谢谢尼克，是的，我应该说我也在使用 portaudio 进行捕获，我坚持的一点是检查静音，如何获得数据块中的级别？我在上面添加了一些非常简单的未经测试的代码，但它应该可以完成你想要的工作我以前的版本有一个错误，没有正确处理标志。我现在已经使用库函数 array() 正确解析了 WAV 文件格式是一个容器，它可能包含通过各种编解码器（如 GSM 或 MP3）编码的音频，其中一些远非“世界上最简单的”。我相信打开流时的选项“output=True”对于录制来说不是必需的，而且它似乎会在我的设备上导致“IOError: [Errno Input overflowed] -9981”。否则感谢代码示例，它非常有帮助。【参考方案2】：

您可能还想查看csounds。它有几个 API，包括 Python。它可能能够与 A-D 界面交互并收集声音样本。

【讨论】：

【参考方案3】：

作为 Nick Fortescue 回答的后续，这里有一个更完整的示例，说明如何从麦克风录制并处理结果数据：

from sys import byteorder
from array import array
from struct import pack

import pyaudio
import wave

THRESHOLD = 500
CHUNK_SIZE = 1024
FORMAT = pyaudio.paInt16
RATE = 44100

def is_silent(snd_data):
    "Returns 'True' if below the 'silent' threshold"
    return max(snd_data) < THRESHOLD

def normalize(snd_data):
    "Average the volume out"
    MAXIMUM = 16384
    times = float(MAXIMUM)/max(abs(i) for i in snd_data)

    r = array('h')
    for i in snd_data:
        r.append(int(i*times))
    return r

def trim(snd_data):
    "Trim the blank spots at the start and end"
    def _trim(snd_data):
        snd_started = False
        r = array('h')

        for i in snd_data:
            if not snd_started and abs(i)>THRESHOLD:
                snd_started = True
                r.append(i)

            elif snd_started:
                r.append(i)
        return r

    # Trim to the left
    snd_data = _trim(snd_data)

    # Trim to the right
    snd_data.reverse()
    snd_data = _trim(snd_data)
    snd_data.reverse()
    return snd_data

def add_silence(snd_data, seconds):
    "Add silence to the start and end of 'snd_data' of length 'seconds' (float)"
    silence = [0] * int(seconds * RATE)
    r = array('h', silence)
    r.extend(snd_data)
    r.extend(silence)
    return r

def record():
    """
    Record a word or words from the microphone and 
    return the data as an array of signed shorts.

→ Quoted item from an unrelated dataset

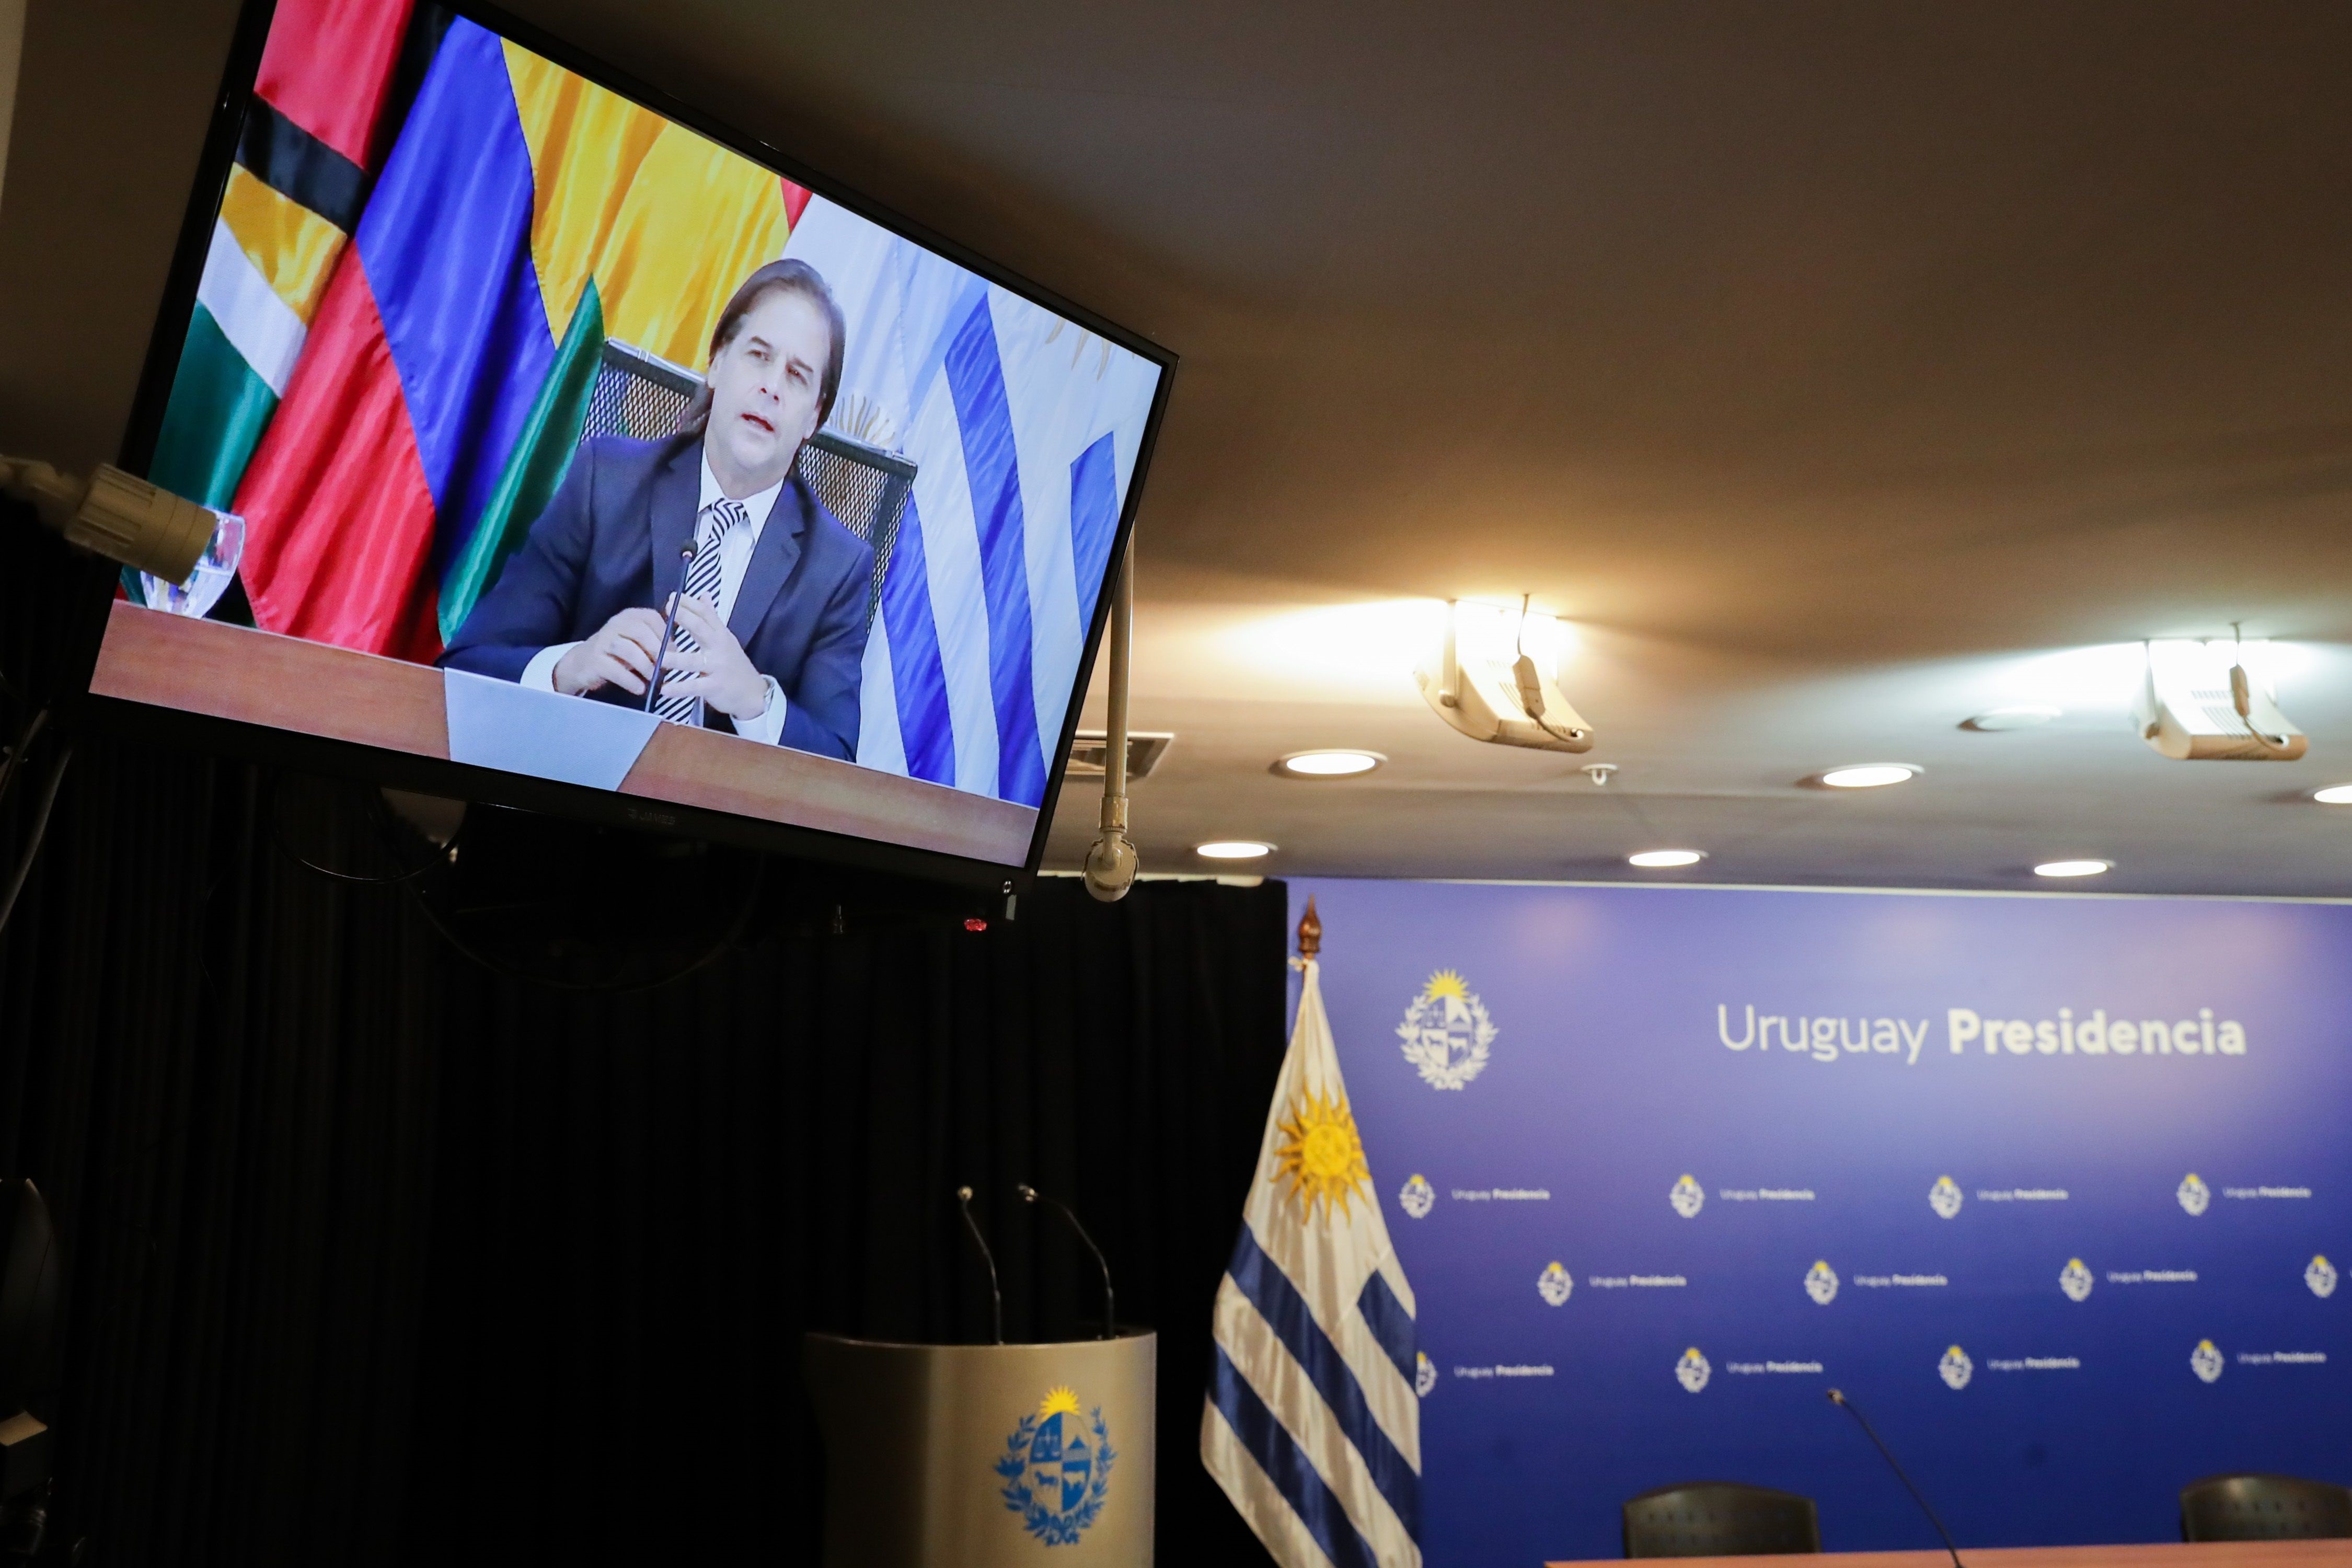 Fotografía de un televisor que muestra al presidente de Uruguay, Luis Lacalle Pou, durante su intervención en la LVII Reunión Ordinaria del Consejo del Mercado Común (CMC) hoy, en Montevideo (Uruguay) (EFE/ Raúl Martínez)

    Normalizes the audio, trims silence from the 
    start and end, and pads with 0.5 seconds of 
    blank sound to make sure VLC et al can play 
    it without getting chopped off.
    """
    p = pyaudio.PyAudio()
    stream = p.open(format=FORMAT, channels=1, rate=RATE,
        input=True, output=True,
        frames_per_buffer=CHUNK_SIZE)

    num_silent = 0
    snd_started = False

    r = array('h')

    while 1:
        # little endian, signed short
        snd_data = array('h', stream.read(CHUNK_SIZE))
        if byteorder == 'big':
            snd_data.byteswap()
        r.extend(snd_data)

        silent = is_silent(snd_data)

        if silent and snd_started:
            num_silent += 1
        elif not silent and not snd_started:
            snd_started = True

        if snd_started and num_silent > 30:
            break

    sample_width = p.get_sample_size(FORMAT)
    stream.stop_stream()
    stream.close()
    p.terminate()

    r = normalize(r)
    r = trim(r)
    r = add_silence(r, 0.5)
    return sample_width, r

def record_to_file(path):
    "Records from the microphone and outputs the resulting data to 'path'"
    sample_width, data = record()
    data = pack('<' + ('h'*len(data)), *data)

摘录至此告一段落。